When SQL comes under pressure it will try flipping out what’s in memory but only from its reserved pool; any other memory being freed relies on the OS to release the memory. Again this will include linked server calls and CLR’s etc. In earlier editions of SQL; such as 2005 I sometimes have found it necessary to lock MIN and MAX memory in place with the same values as it couldn’t release the RAM in a timely fashion; but that is neither here nor there.
Question:
What are you minimum and maximum memory settings on your production server? Are there any other external programs running on the server? Are you using CLR’s extensively?

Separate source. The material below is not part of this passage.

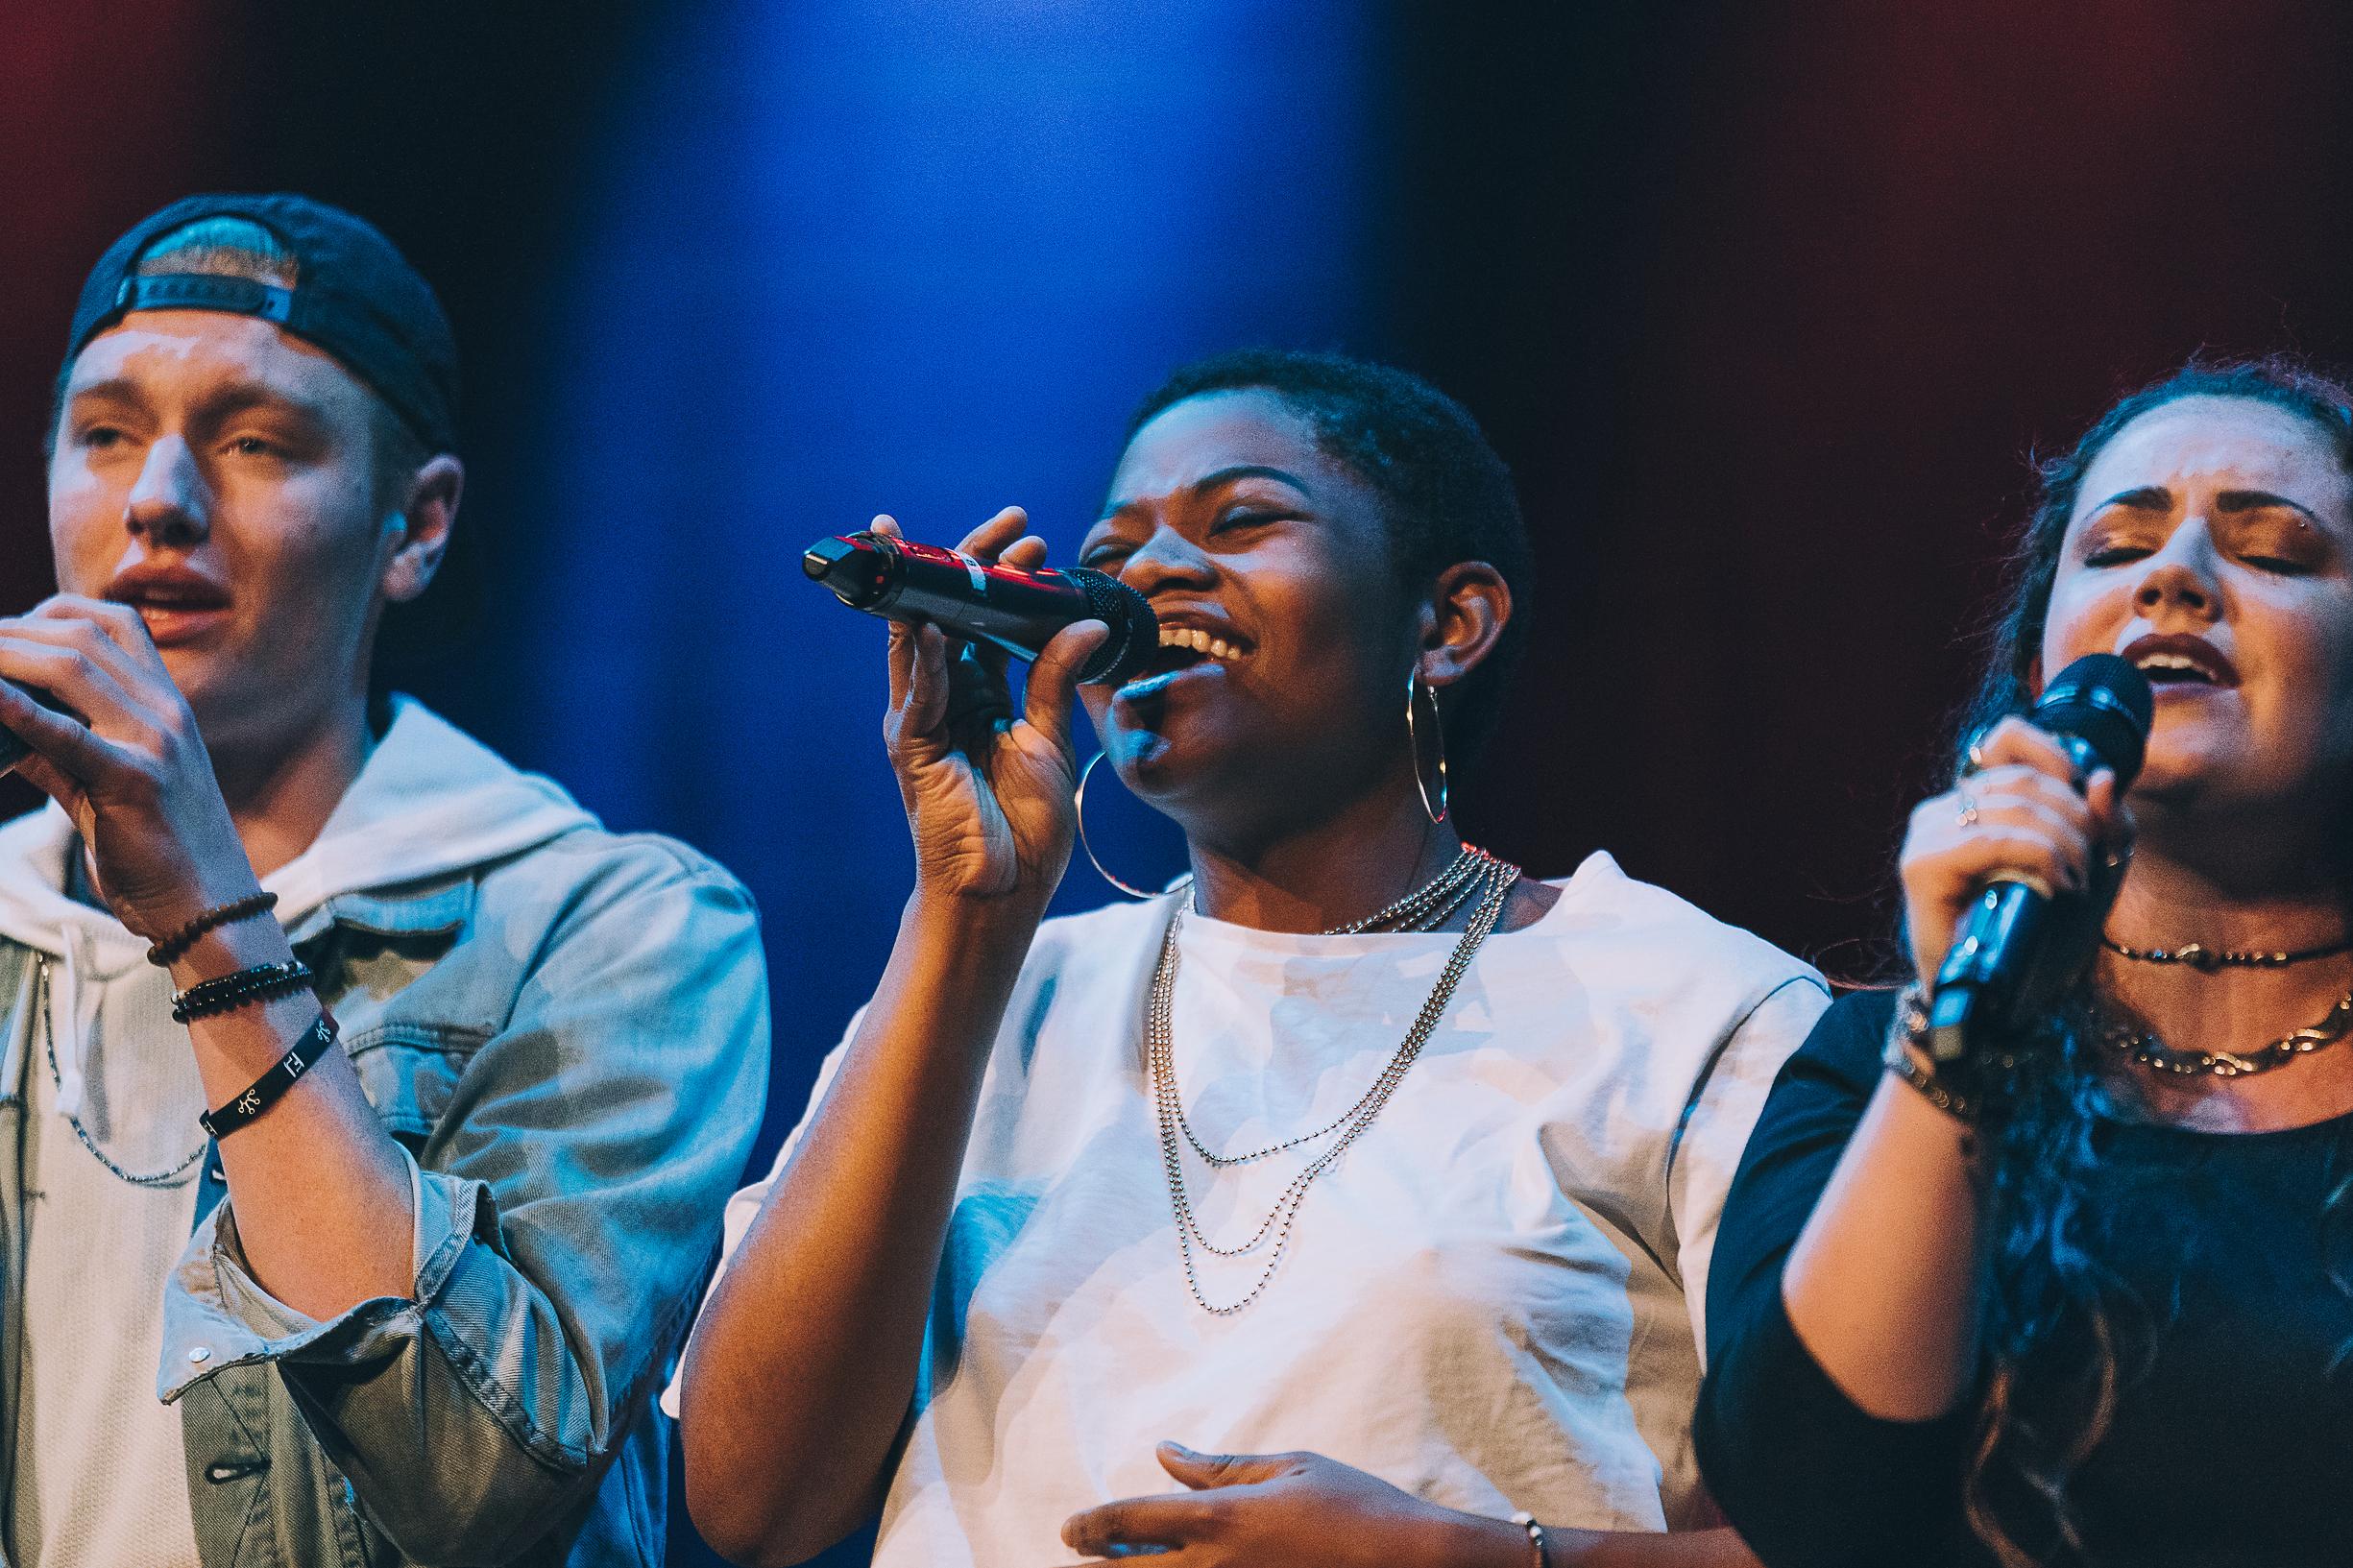 Tehillah Alphonso singing on stage
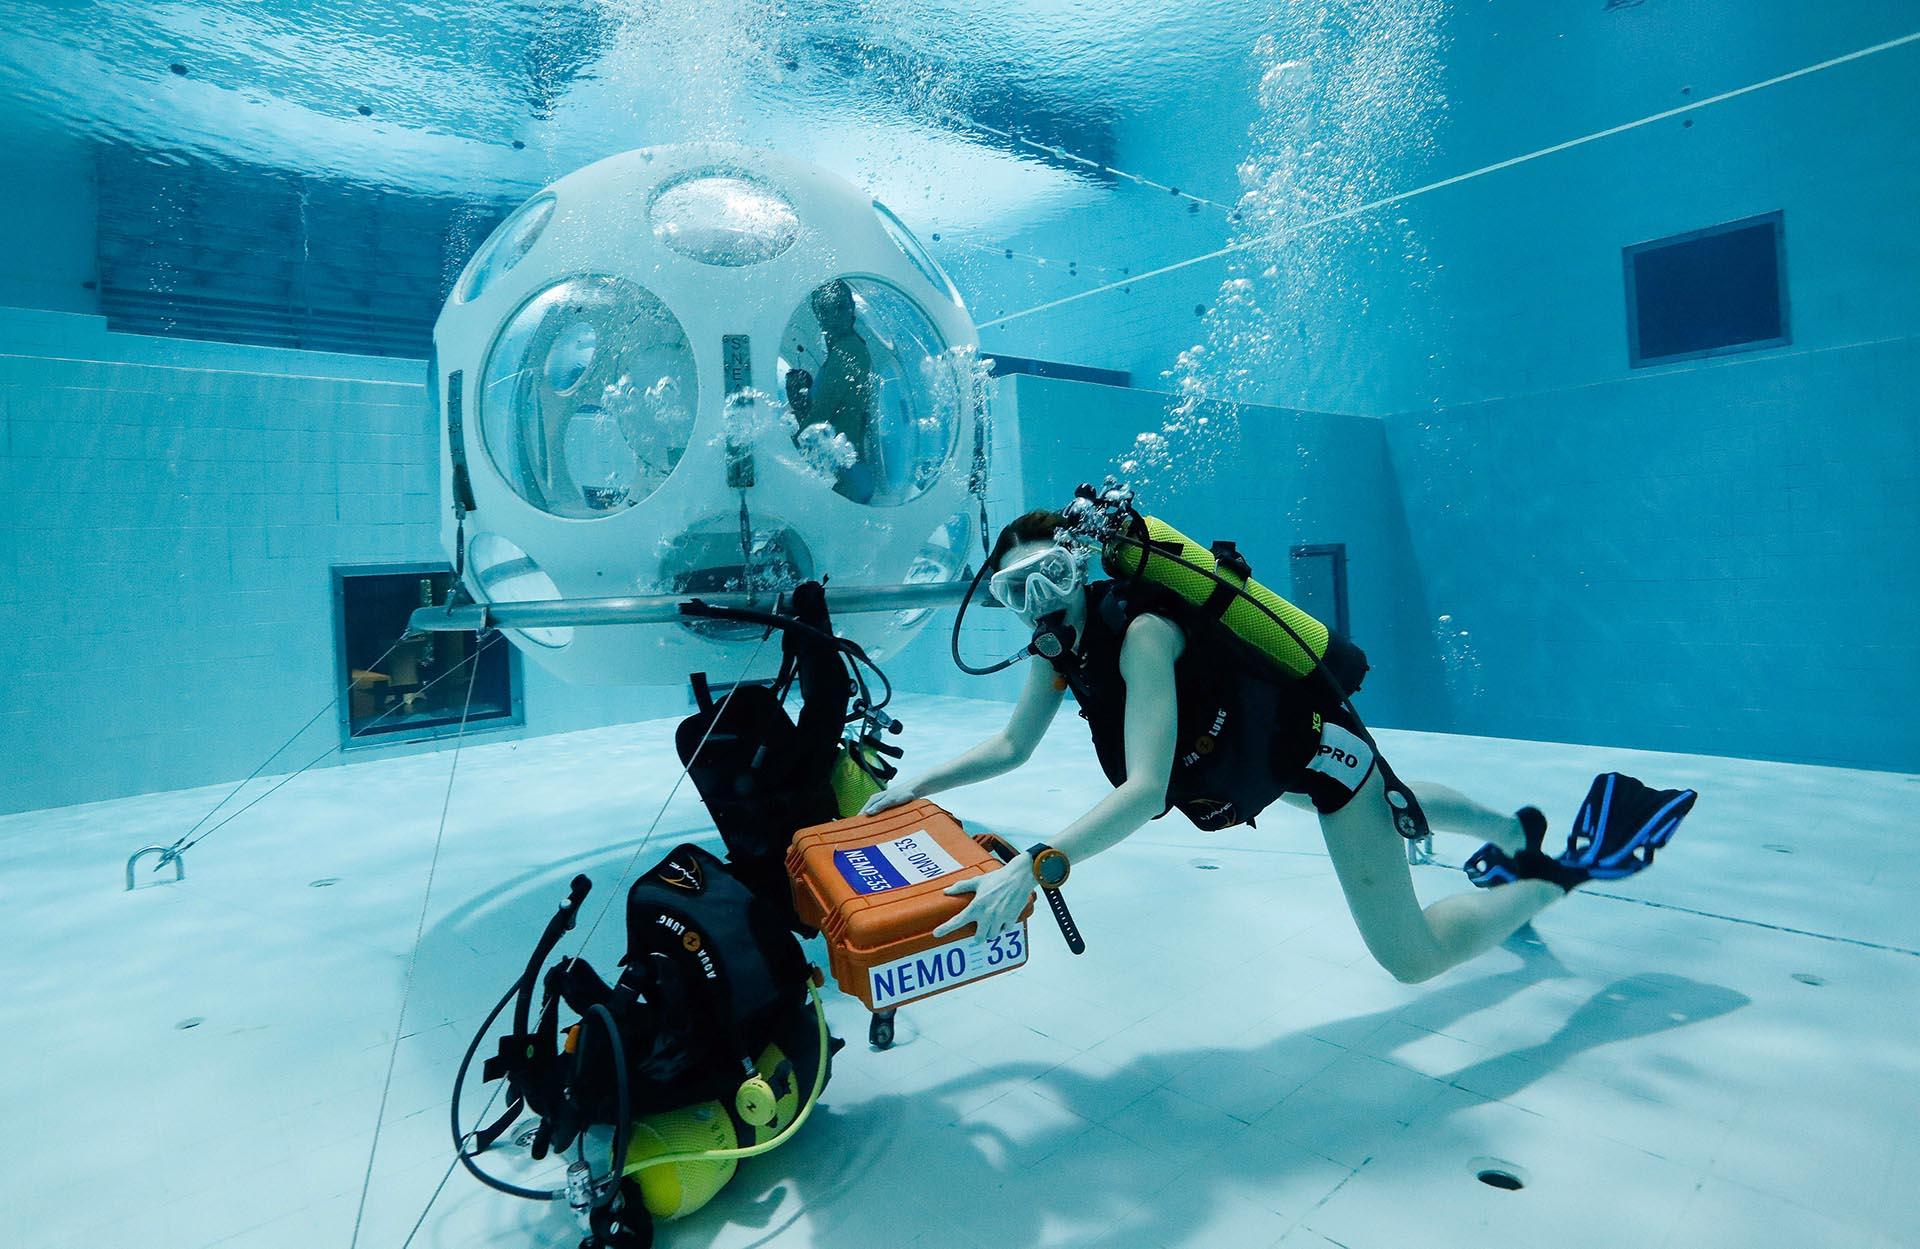 La mesera Valeryia Prusakova lleva uno de los pedidos en la caja hermética identificada con el nombre del centro de buceo, NEMO33 (REUTERS/Yves Herman)

Settings can be gathered via the GUI or via sp_configure.
--Allow all options to be visable
exec sp_configure 'show advanced options',1;
GO
--Execute this now as opposed to the next restart of the server
Reconfigure with override;
go
--View all the settings
exec sp_configure;
go
MaxDOP:
Depending on how many cores you have and if this process is going parallel this setting matters a great deal. If you have a MAXDOP of 0 and this is going parallel then even a single processing event could be using all the cores on the system.
Question:
How many cores are on your system and what is the Maximum Degree of parallelism that is currently set?
See sp_configure above.
--Taken from http://msdn.microsoft.com/en-us/magazine/cc135978.aspx
SELECT TOP 10
[Wait type] = wait_type,
[Wait time (s)] = wait_time_ms / 1000,
[% waiting] = CONVERT(DECIMAL(12,2), wait_time_ms * 100.0
/ SUM(wait_time_ms) OVER())
FROM sys.dm_os_wait_stats
WHERE wait_type NOT LIKE '%SLEEP%'
ORDER BY wait_time_ms DESC;
*Apologies I forget where I got this from; if someone knows the author or URL I’ll add it
Clustered Indexes:
If you’re missing clustered indexes / Primary Keys it can cause your CPU to go nuts as SQL tries to satisfy a query across a heap. It’s worth taking a looks at the db’s in question as well as any others on the system to see if this is the case.
--Missing Primary Keys:
SELECT
t.TABLE_CATALOG
,t.TABLE_SCHEMA
,t.TABLE_NAME
,t.TABLE_TYPE
FROM
INFORMATION_SCHEMA.TABLES t
LEFT JOIN INFORMATION_SCHEMA.TABLE_CONSTRAINTS pk
ON t.TABLE_CATALOG = pk.TABLE_CATALOG
AND t.TABLE_NAME = pk.TABLE_NAME
AND t.TABLE_SCHEMA = pk.TABLE_SCHEMA
AND pk.CONSTRAINT_TYPE = 'PRIMARY KEY'
WHERE
pk.TABLE_NAME IS NULL
AND t.TABLE_TYPE='BASE TABLE'
ORDER BY
t.TABLE_CATALOG
,t.TABLE_SCHEMA
,t.TABLE_NAME
--Missing Clustered Indexes
SELECT name
FROM sys.objects
WHERE type = 'U'
AND object_id NOT IN
(SELECT object_id FROM sys.indexes WHERE index_id = 1)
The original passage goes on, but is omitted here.